** Information provided **

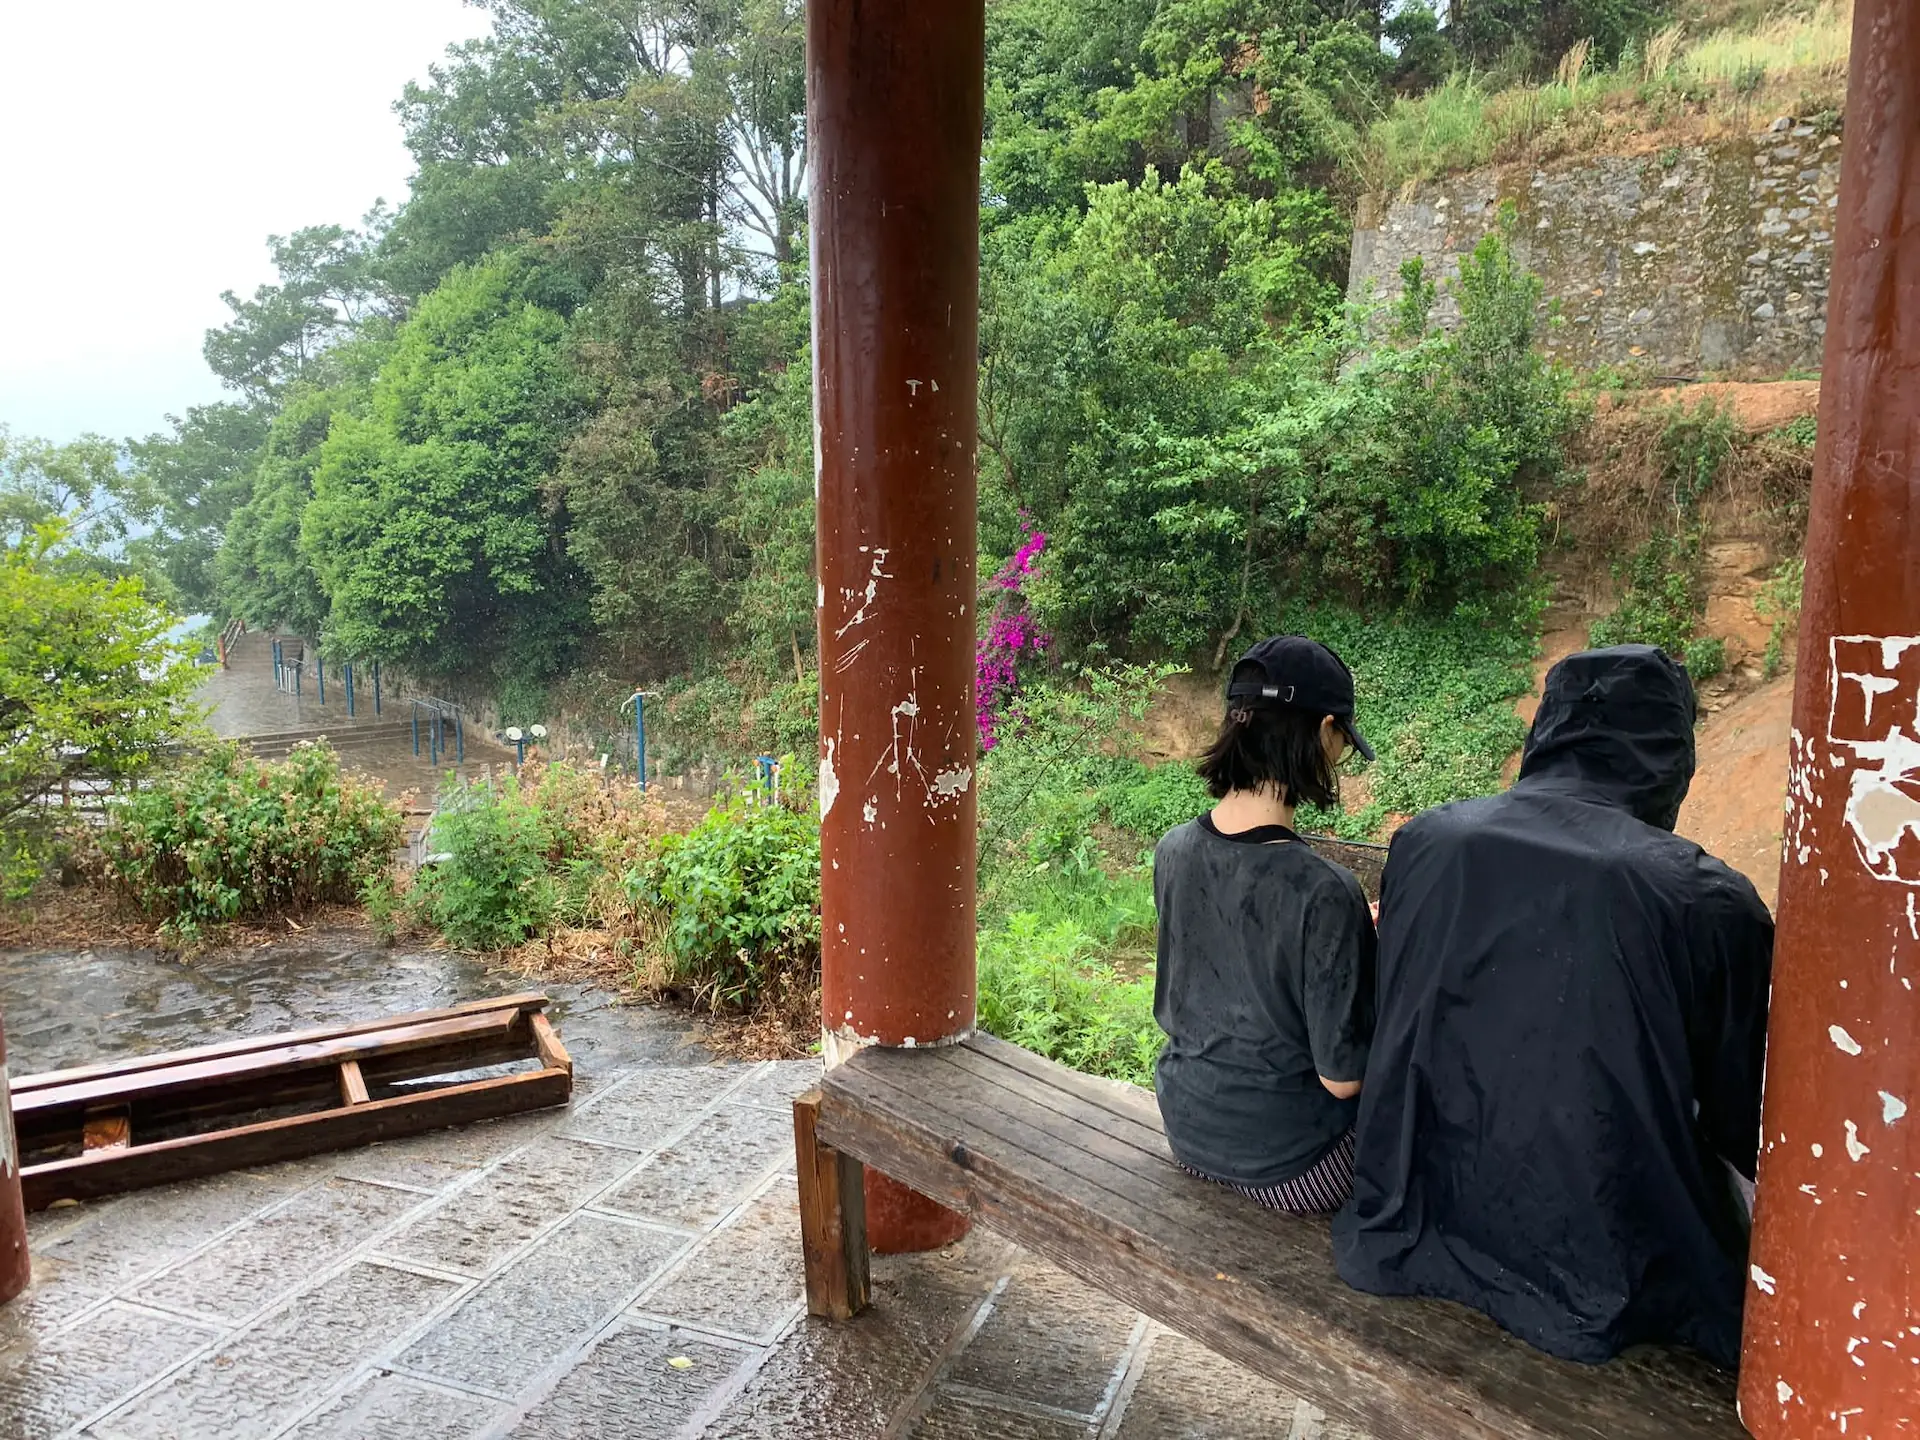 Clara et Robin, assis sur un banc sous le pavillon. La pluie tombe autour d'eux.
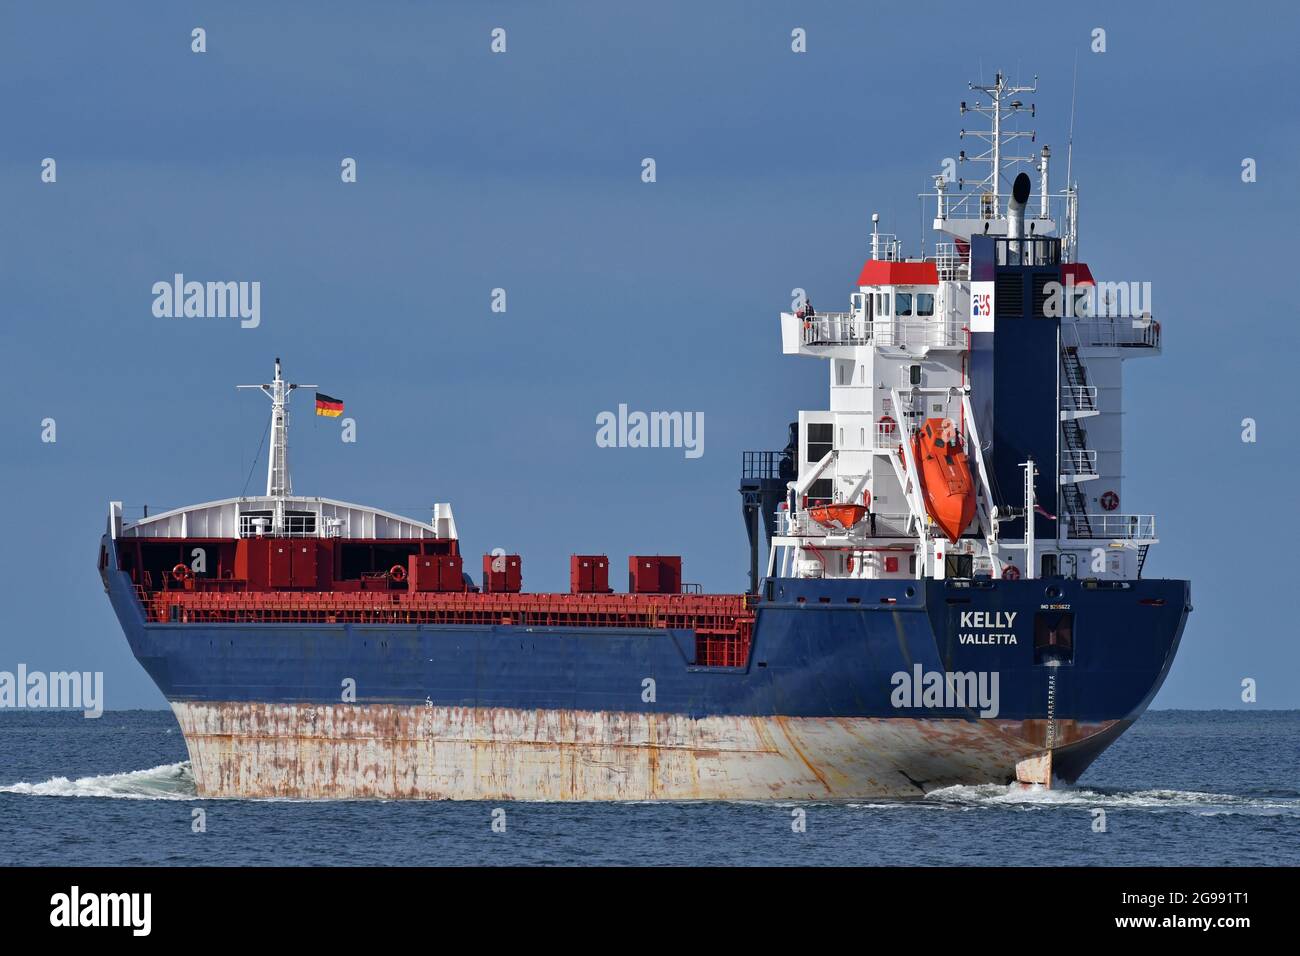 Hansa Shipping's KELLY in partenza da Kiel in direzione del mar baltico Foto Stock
...
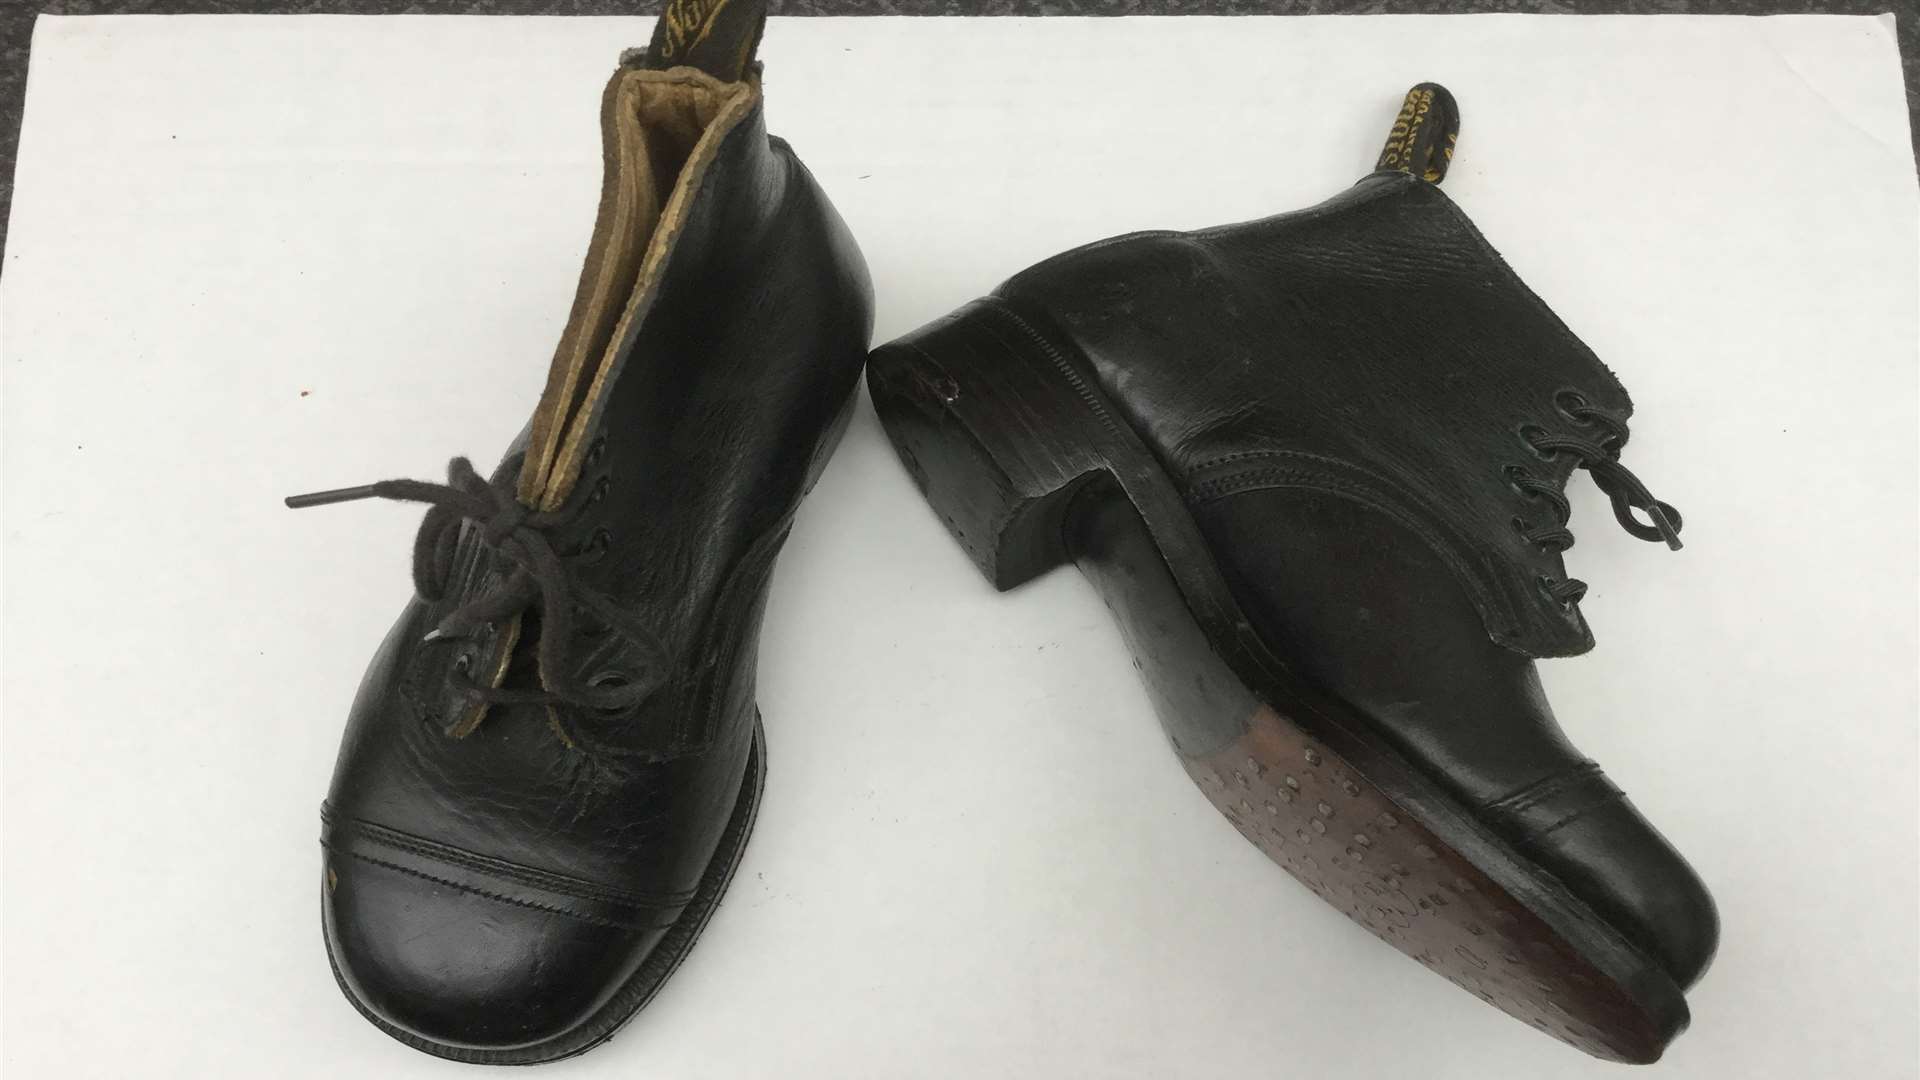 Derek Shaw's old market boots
...
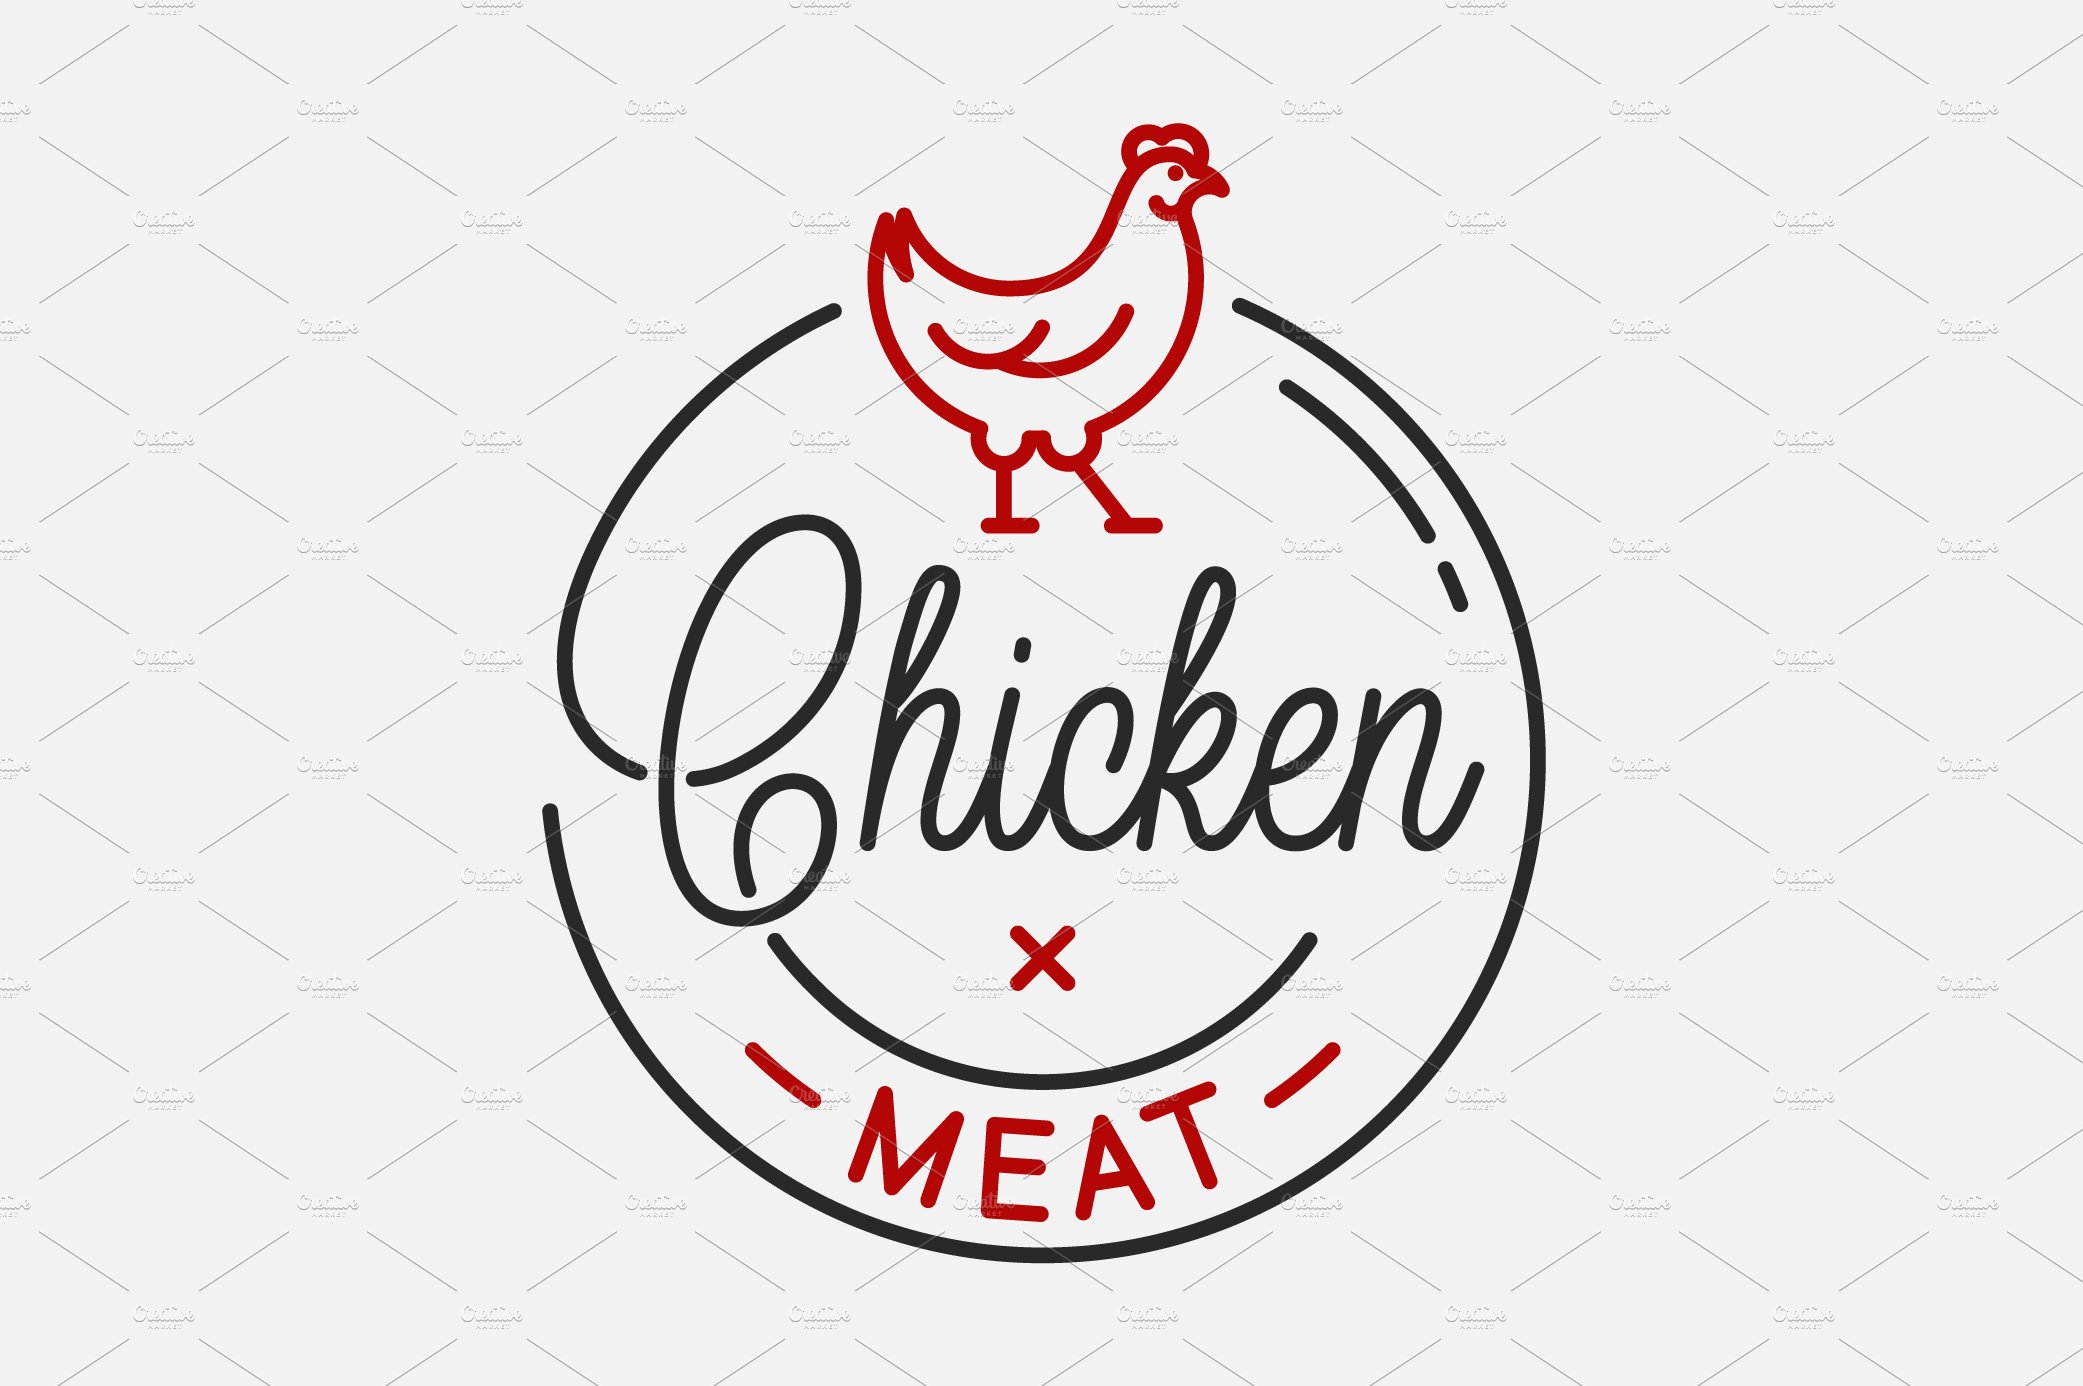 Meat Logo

** Directions for this task **
Give again, exactly as written above, every line from the one holding "Clara et Robin, assis" to the one holding "Hansa Shipping's KELLY", with both ends kept and the pictures left out.

** Solution for this task **
 Clara et Robin, assis sur un banc sous le pavillon. La pluie tombe autour d'eux.
 Hansa Shipping's KELLY in partenza da Kiel in direzione del mar baltico Foto Stock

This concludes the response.